Phase 2 - Local AI Integration (g4dn.xlarge): The g4dn.xlarge upgrade introduces GPU acceleration capabilities through a single NVIDIA T4 GPU with 16 GB VRAM. This configuration enables local Ollama model deployment for document embedding generation and small language model inference. The increased system memory (16 GB) and compute resources (4 vCPUs) support both containerized applications and GPU-accelerated AI workloads.
Phase 3 - Production Scale (g6.12xlarge): The g6.12xlarge instance provides enterprise-grade performance with four NVIDIA L4 Tensor Core GPUs and 96 GB total GPU memory. This configuration supports large language model inference, complex reasoning tasks, and multi-user environments serving 1-20 concurrent users. The substantial system resources (48 vCPUs, 192 GB RAM) enable simultaneous operation of multiple AI models and comprehensive document processing workflows.
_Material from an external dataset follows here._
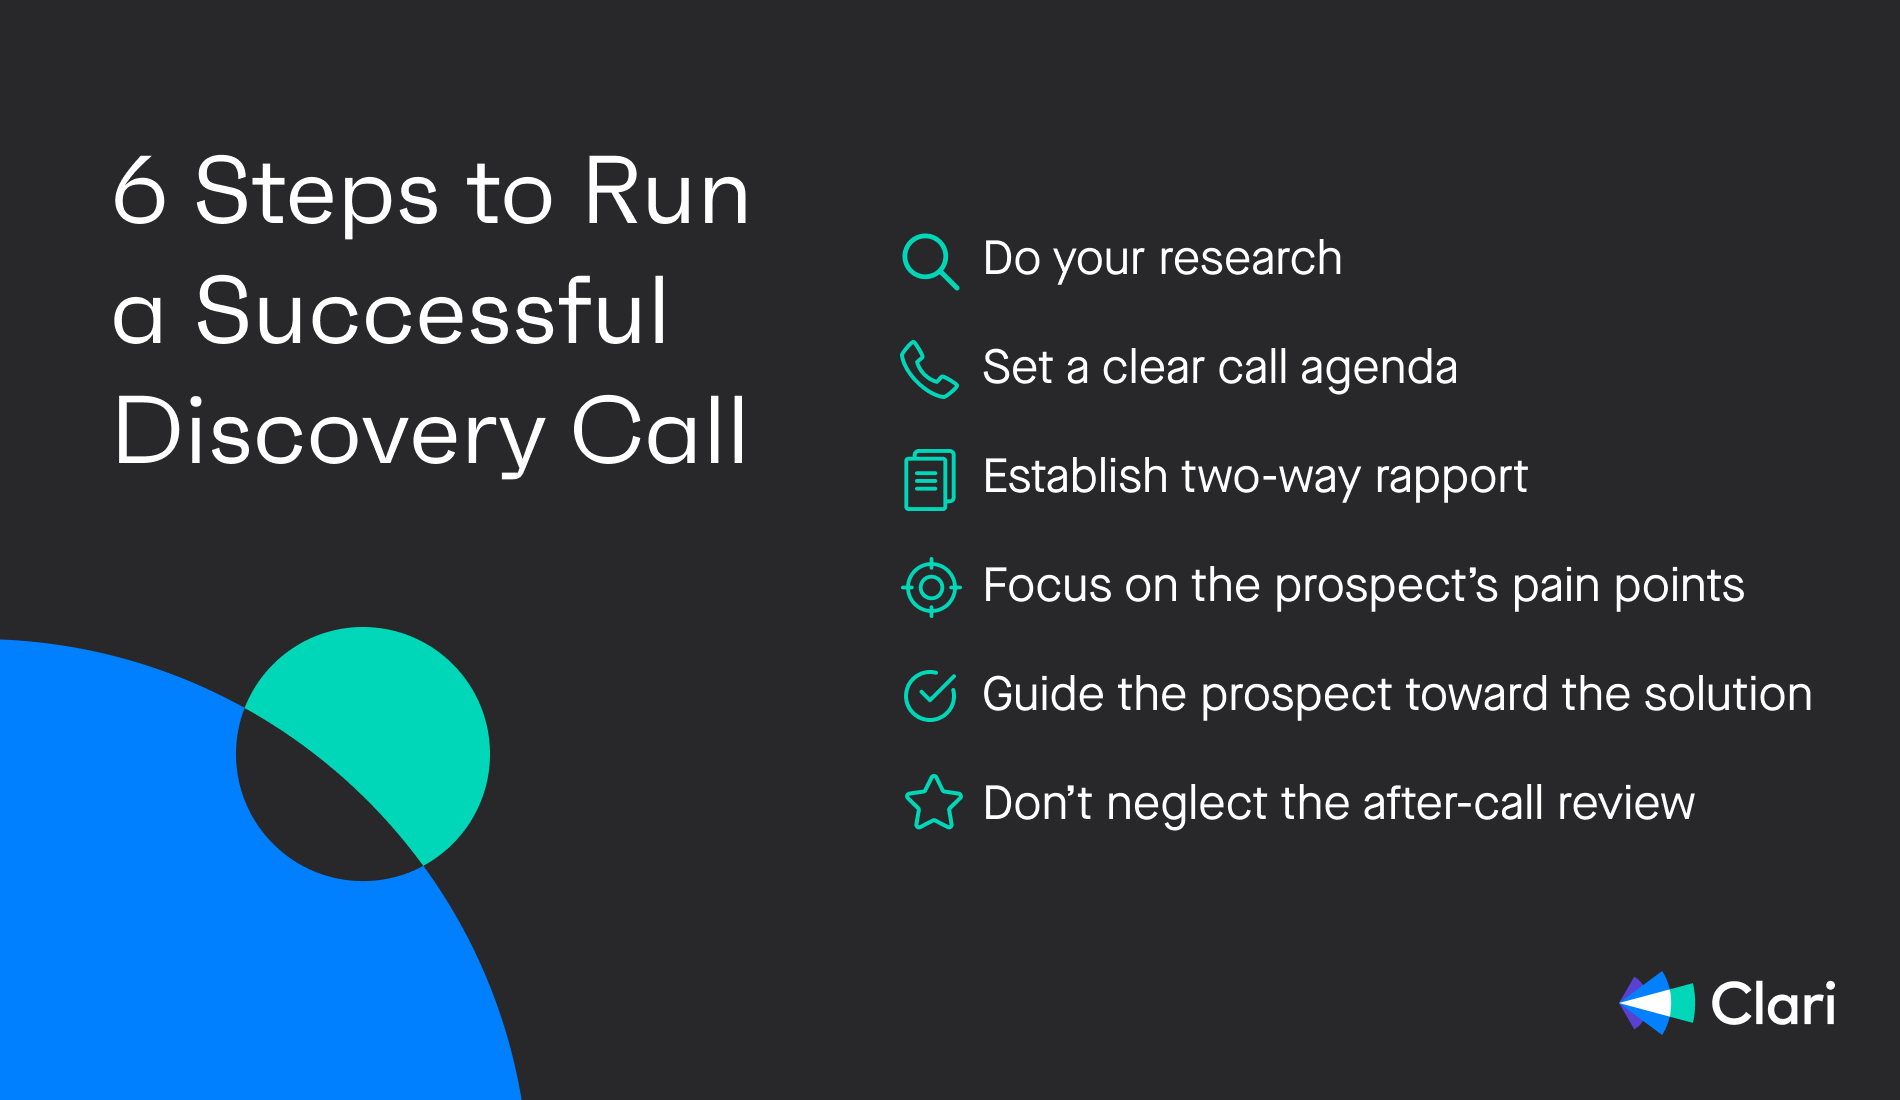 A graphic describing the 6 steps to run a successful discovery call.

Testing reveals distinct performance profiles across instance types. The t3.medium handles basic LibreChat operations but encounters limitations with local AI model deployment. The g4dn.xlarge enables practical local inference with models up to 8B parameters, though larger models require longer processing times. The g6.12xlarge configuration delivers production-ready performance for models up to 32B parameters with responsive inference times suitable for real-time applications.
The instance progression demonstrates scalable architecture design, allowing cost-effective development on smaller instances while providing clear upgrade paths for production deployment requirements.
Configuration | Models | External Dependencies | Primary Use Cases |
---|---|---|---|
Fully Local | Ollama only | None | Sensitive data, offline environments |
Hybrid | Bedrock + Ollama | AWS Bedrock API only | General use with document privacy |
- AWS account with Bedrock access (may require 1-2 days for activation)
- Terraform installed and configured
- AWS CLI configured with appropriate permissions
- SSH key pair for EC2 access
librechat-aws-deployment.org
- Complete executable deployment workflowterraform/
- AWS infrastructure automationconfigs/
- Docker Compose and nginx configuration templatesdiagrams/
- Architecture diagrams and documentation
MIT License - see LICENSE file.
Privacy-focused AI deployment with configurable data sovereignty levels.